FOR ABOUT 31 months, there has been no federal law authorizing aid to surface transportation programs. Money has continued to flow under a series of temporary extension measures, which is not unprecedented — the last law was enacted 22 months after the previous one expired. But it is hardly the ideal way for Congress to do business. State governments, construction contractors and localities need the predictability that would come from a fresh five- or six-year bill, which congressional Republicans and Democrats and President Obama have promised — but no one can deliver.

The latest extension runs out June 30. The only vehicle that offers even short-term certainty is a two-year, $109 billion bill that passed the Senate 74 to 22 on March 14. The Republican House couldn’t produce even that much, and so it brings yet another 90-day extension bill to the conference committee negotiations that begin Tuesday.

Both parties would probably like to send a wad of road-building cash to their constituents during this election year, and the GOP has exploited that by trying to link a measure starting the Keystone XL pipeline to the transportation bill. But Democrats are resisting. The battle over Keystone has caused much delay and could end up making it impossible to get a bill at all this year.

Even without the Keystone issue, though, there would have been disagreements on transportation policy issues — such as how much to devote to mass transit and how to speed up often lengthy environmental and other reviews. Those issues cut across partisan lines, which is one reason Republican leaders could not muster a majority of their own House members behind a full-scale alternative to the Senate bill.

The deeper problem is what the parties agree on: No one wants to raise the gas tax, upon which the Federal Highway Trust Fund depends. Stuck at 18.4 cents per gallon since 1993, the tax has lost much of its value to inflation and is no longer sufficient to pay for the country’s transportation needs, especially in an era of more fuel-efficient cars and trucks. Consequently, the trust fund is nearly out of cash. The Congressional Budget Office says that the fund’s highway account will go to zero some time next year, and the mass transit account in 2014.

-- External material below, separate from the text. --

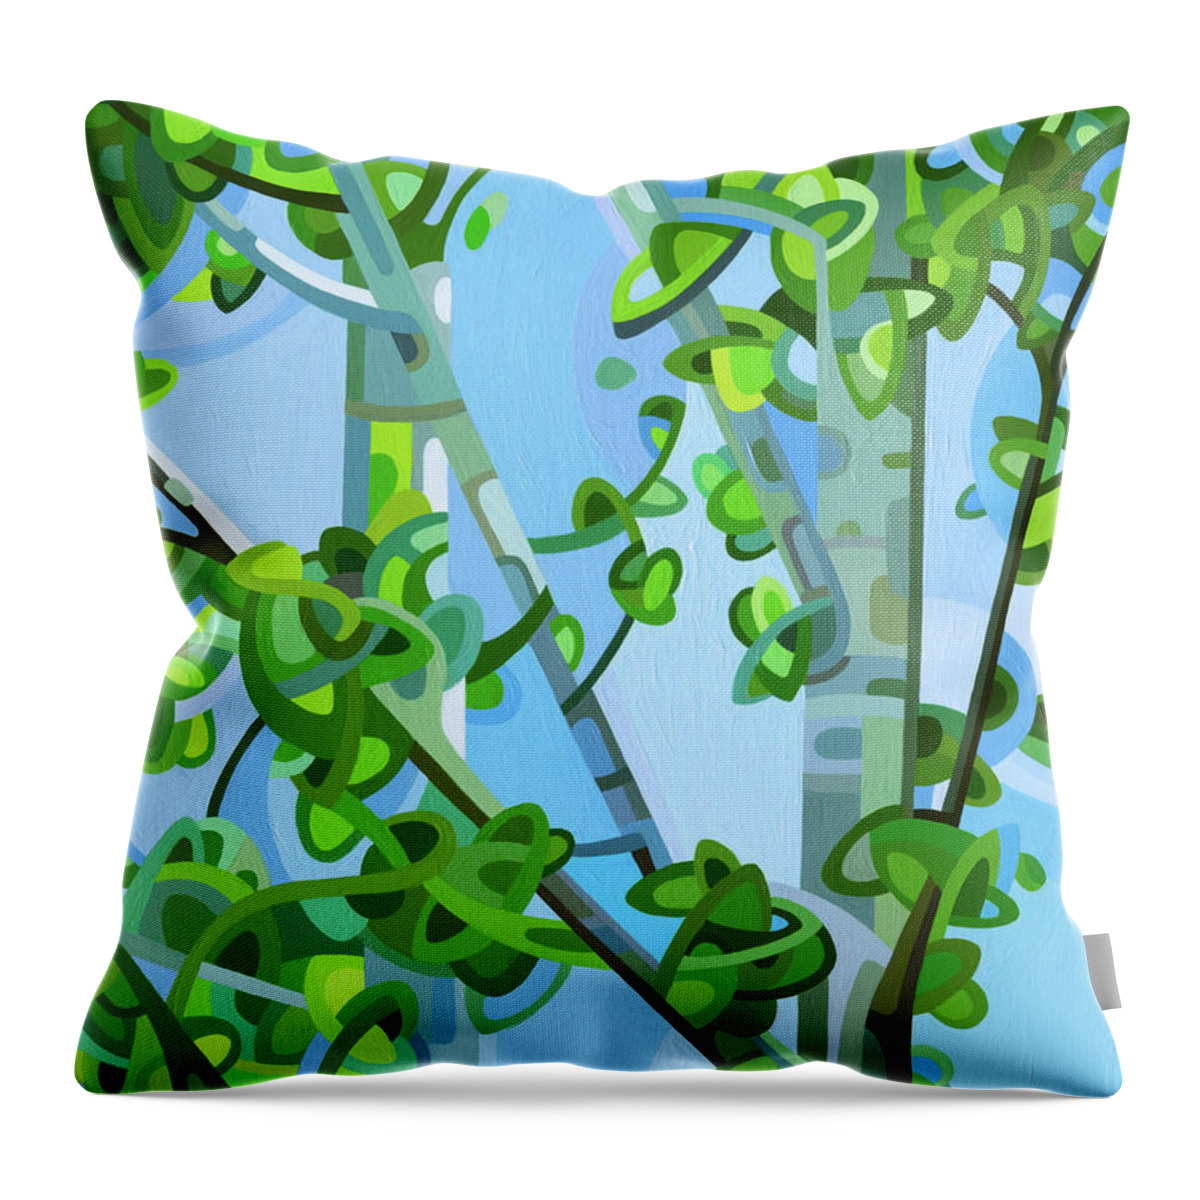 Summer Birch Forest Green Grey Blue Dappled Light Throw Pillow featuring the painting Birch Light by Mandy Budan
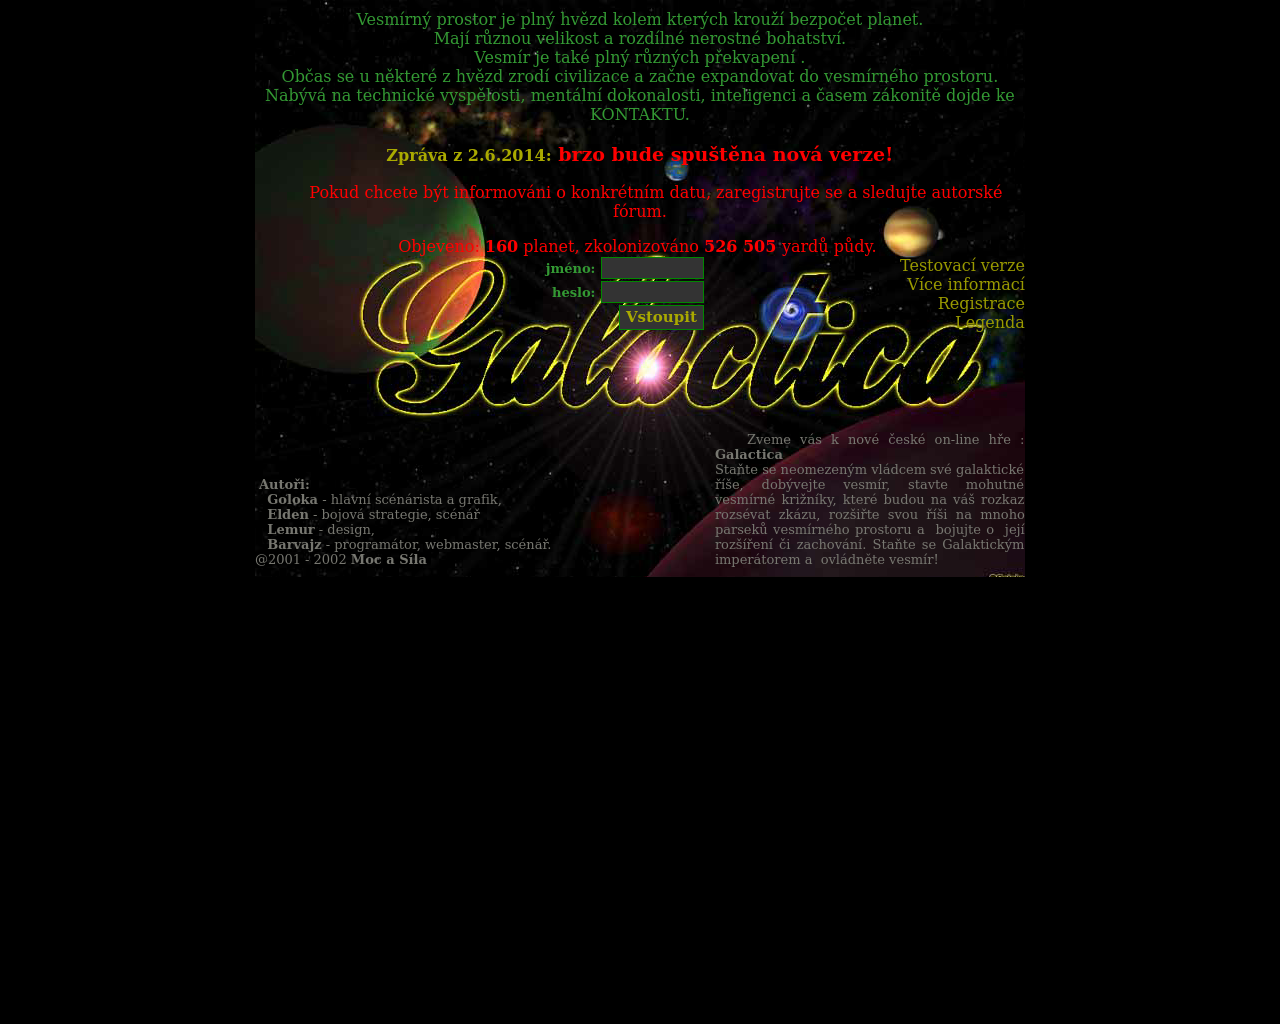 Site Image galactica.cz v 1280x1024

Instead of telling their constituents the truth — that well-maintained roads cost money, and some of that money has to come from motorists who use those roads — both Republicans and Democrats proposed to finance transportation through accounting gimmicks and stop-gaps. (An honorable exception was Sen. Mike Enzi (R-Wyo.), who at least floated the idea of indexing the gas tax to inflation.) The Senate bill, for example, would pay for part of its two years’ worth of spending with some $743 million that would be raised over the next 10 years. (The money would be raised by giving the government the authority to revoke the passports of tax delinquents, which analysts predict would encourage many of them to pay up.)

If passed, the Senate measure would consolidate overlapping programs and modestly streamline project approvals. It would buy time for Congress to consider a permanent financing fix, while construction projects proceed without fear of a sudden Trust Fund bankruptcy. If that sounds like faint praise for the bill, that’s because it’s the only kind it deserves.